▶ _Records_
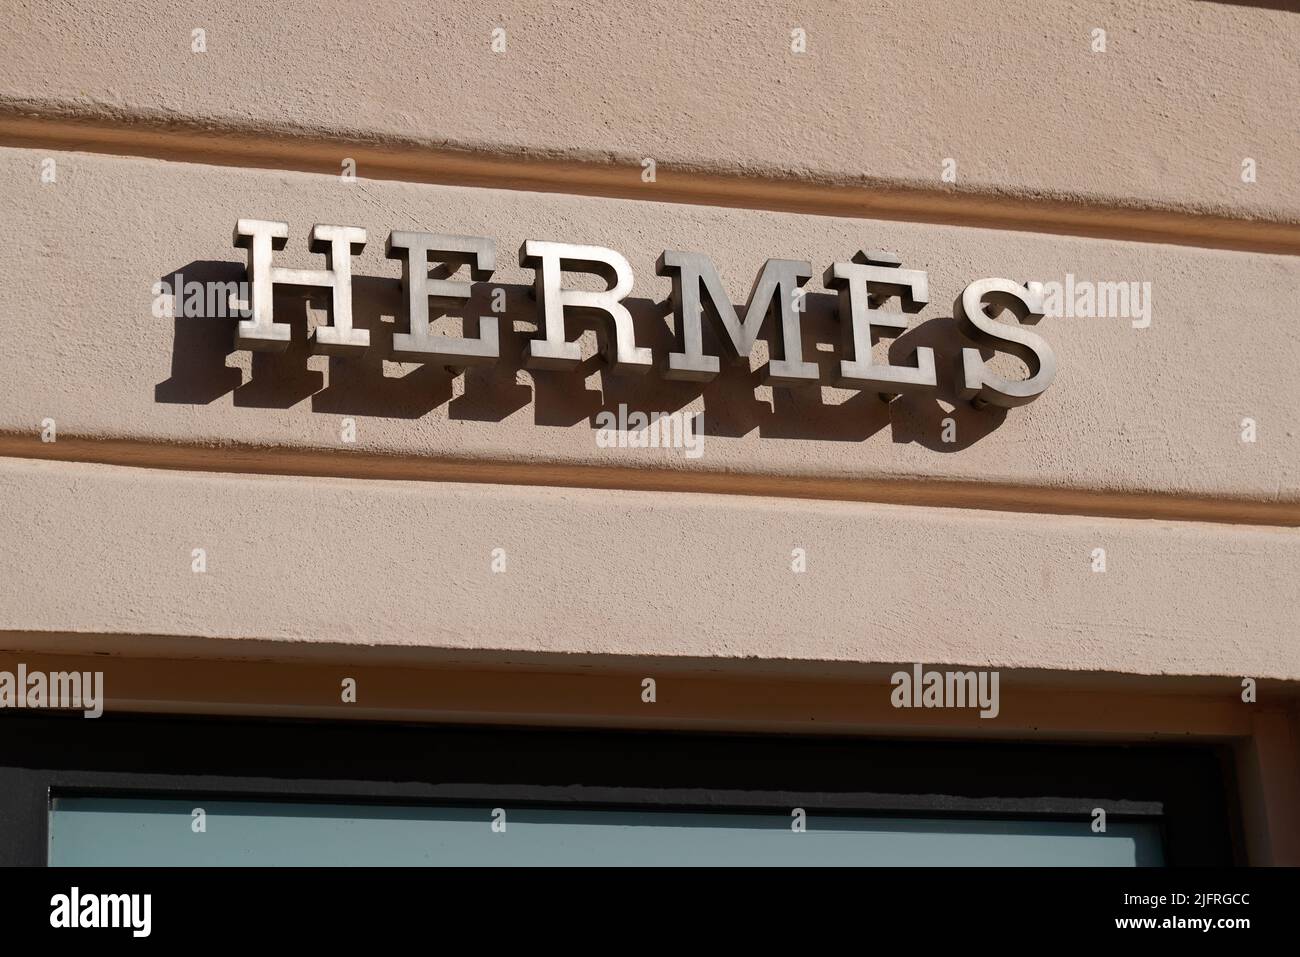 Cannes , paca  France - 06 15 2022 : Hermes logo sign and text brand front wall facade fashion shop luxury goods manufacturer Hermes boutique Stock Photo
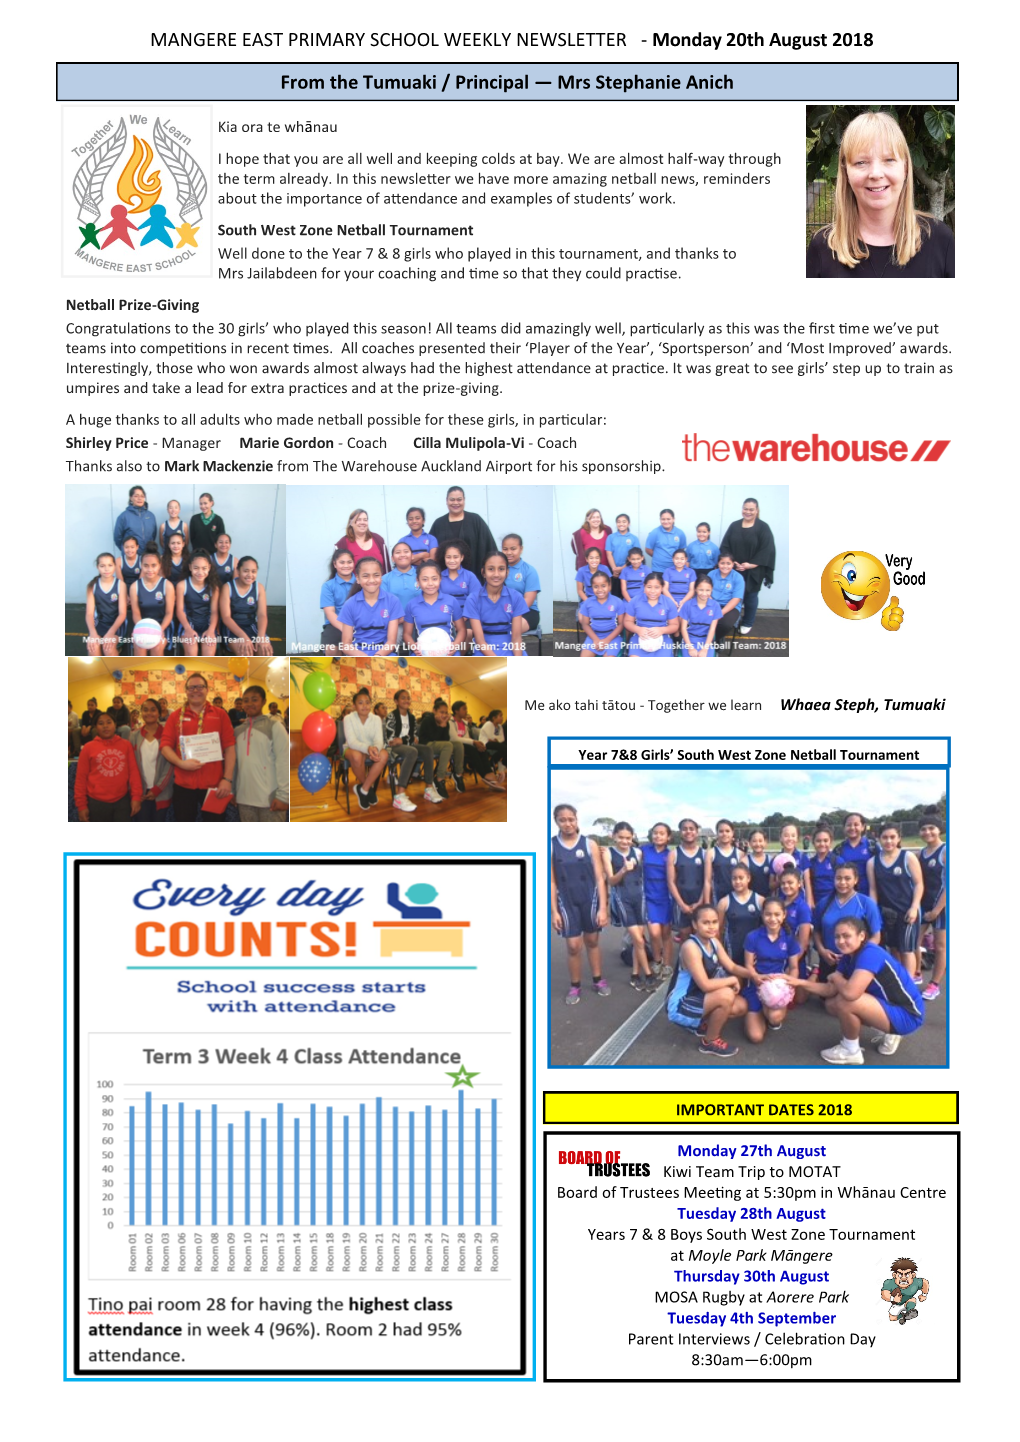 MANGERE EAST PRIMARY SCHOOL WEEKLY NEWSLETTER - Monday 20Th August 2018
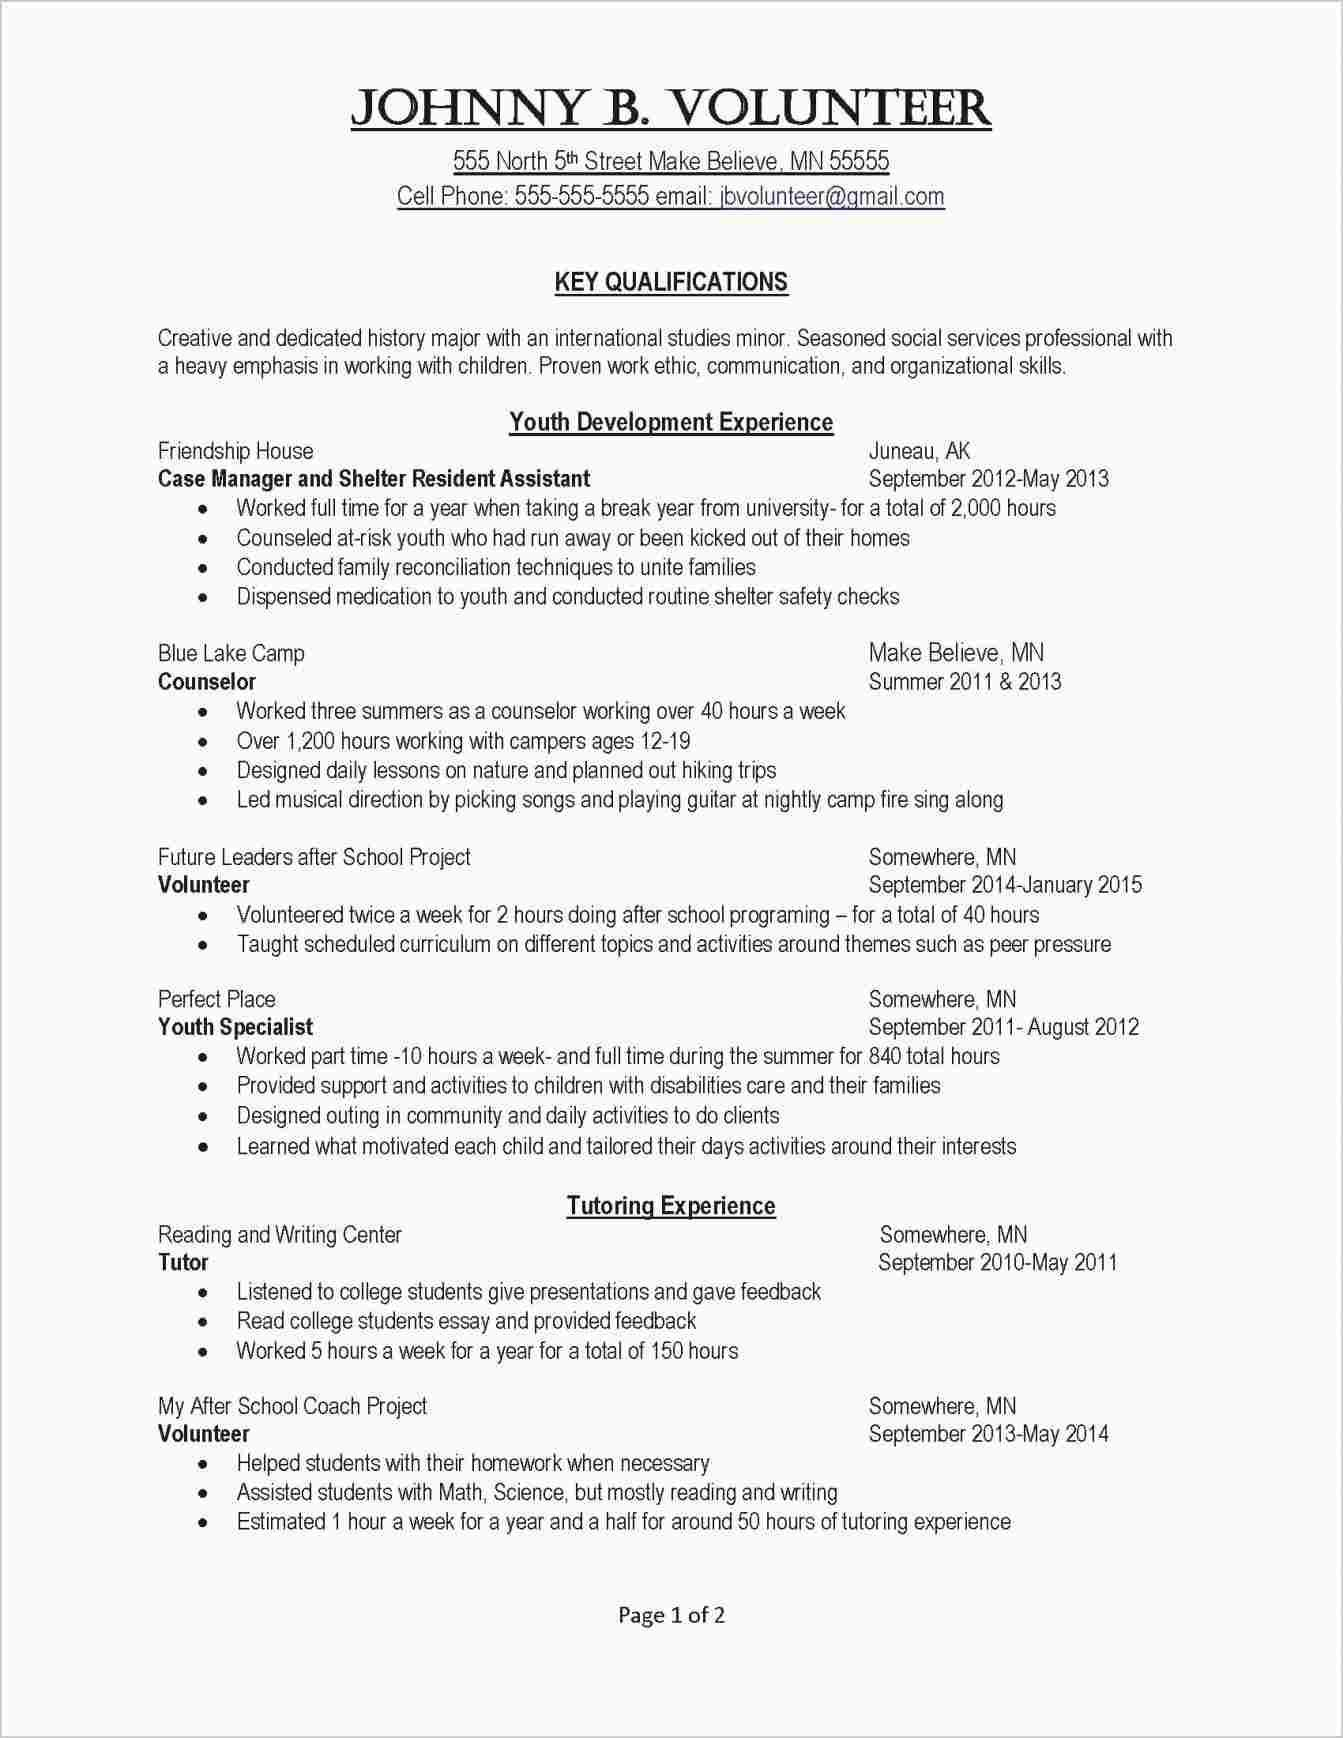 Cv Template For 16 Year Old With No Work Experience ...
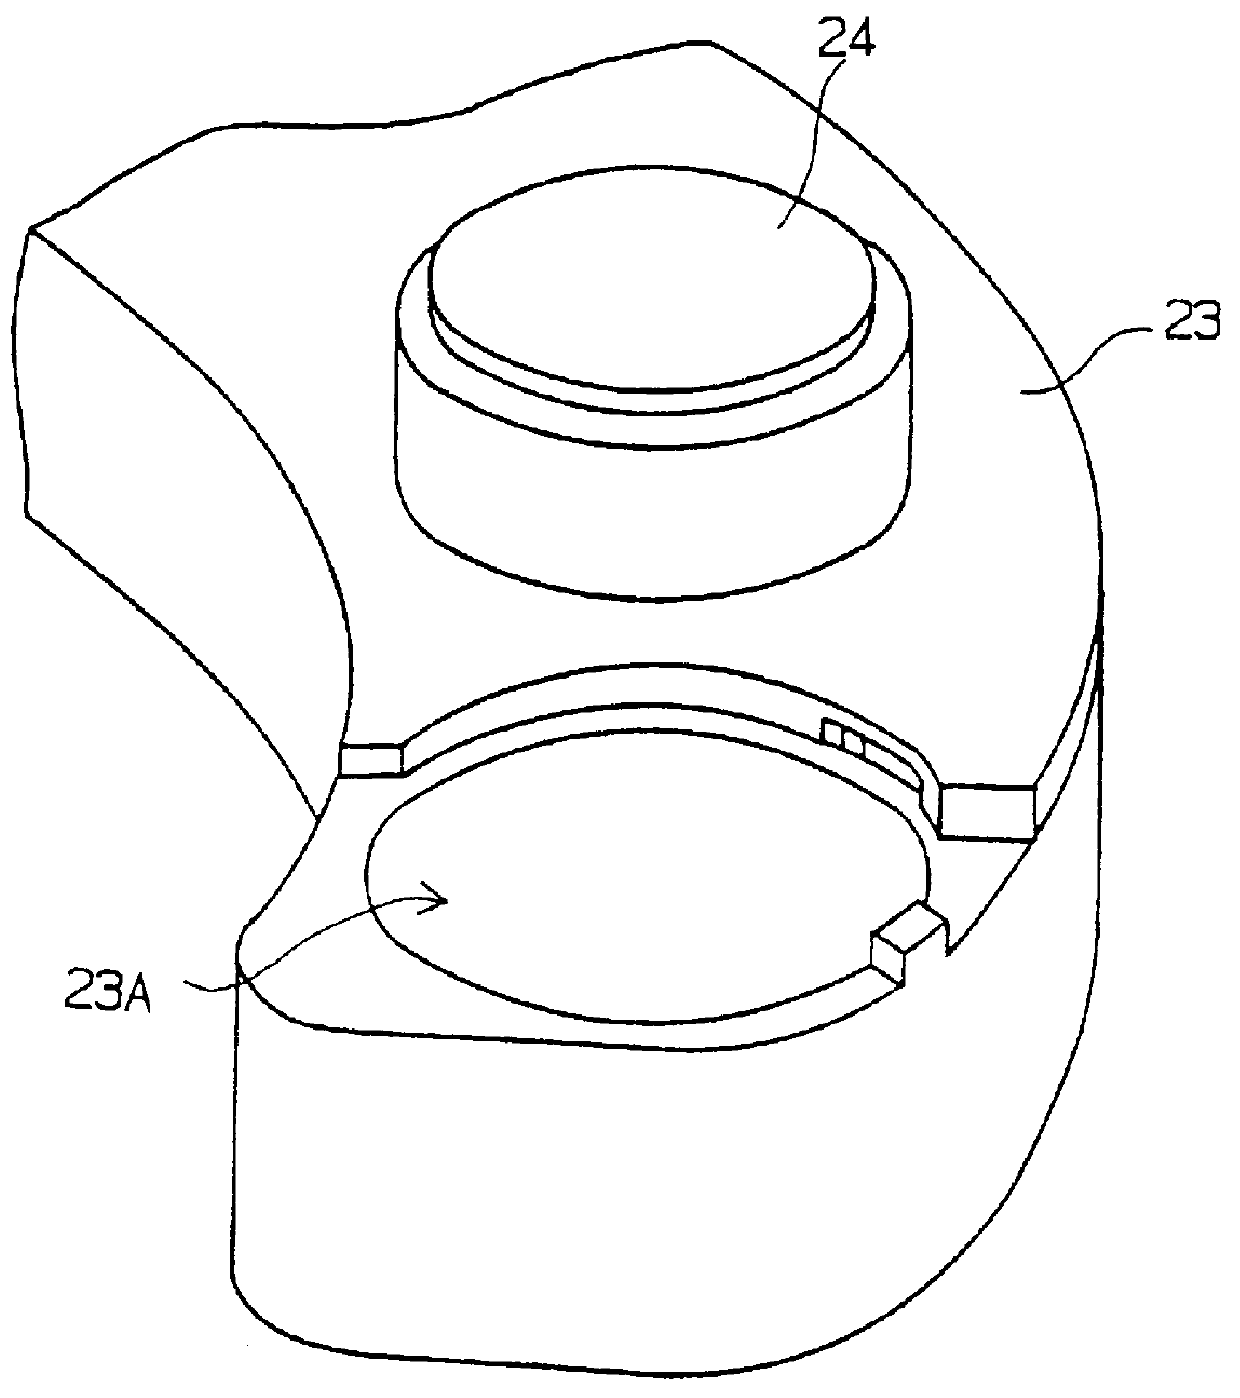 Battery receiving chamber and hearing aid
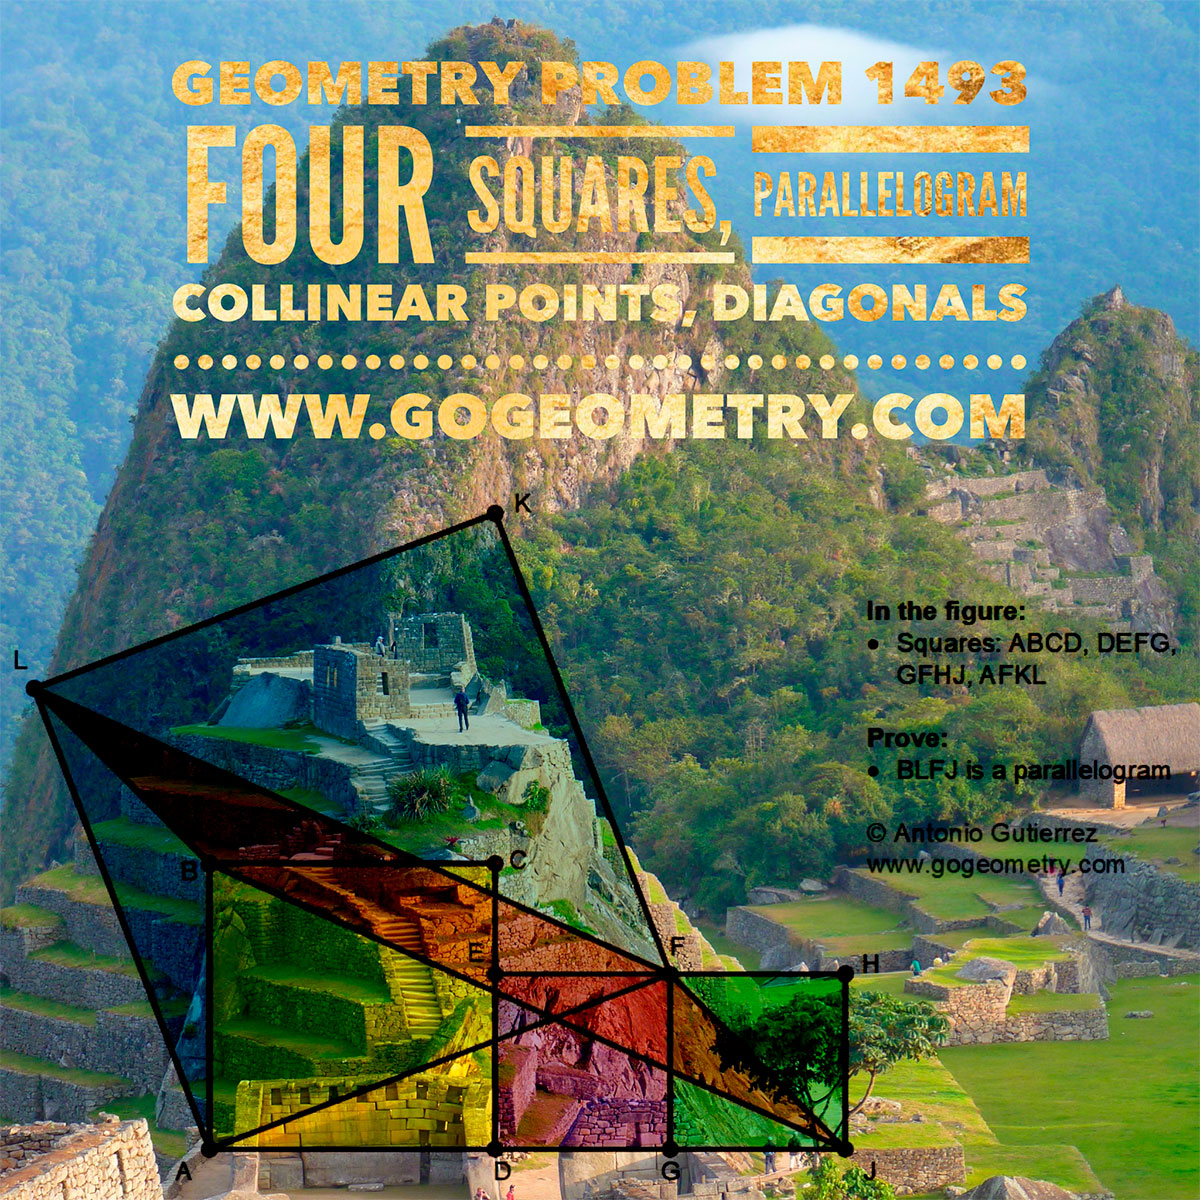 Geometry Problem 1493: Four Squares, Parallelogram, Auxiliary Lines, Machu Picchu in the background

▶ _What is expected_
Only the text of the listing above is copied, exactly as written; its pictures are dropped.

▶ _Written solution_
 Cannes , paca  France - 06 15 2022 : Hermes logo sign and text brand front wall facade fashion shop luxury goods manufacturer Hermes boutique Stock Photo
 MANGERE EAST PRIMARY SCHOOL WEEKLY NEWSLETTER - Monday 20Th August 2018
 Cv Template For 16 Year Old With No Work Experience ...
 Battery receiving chamber and hearing aid
 Geometry Problem 1493: Four Squares, Parallelogram, Auxiliary Lines, Machu Picchu in the background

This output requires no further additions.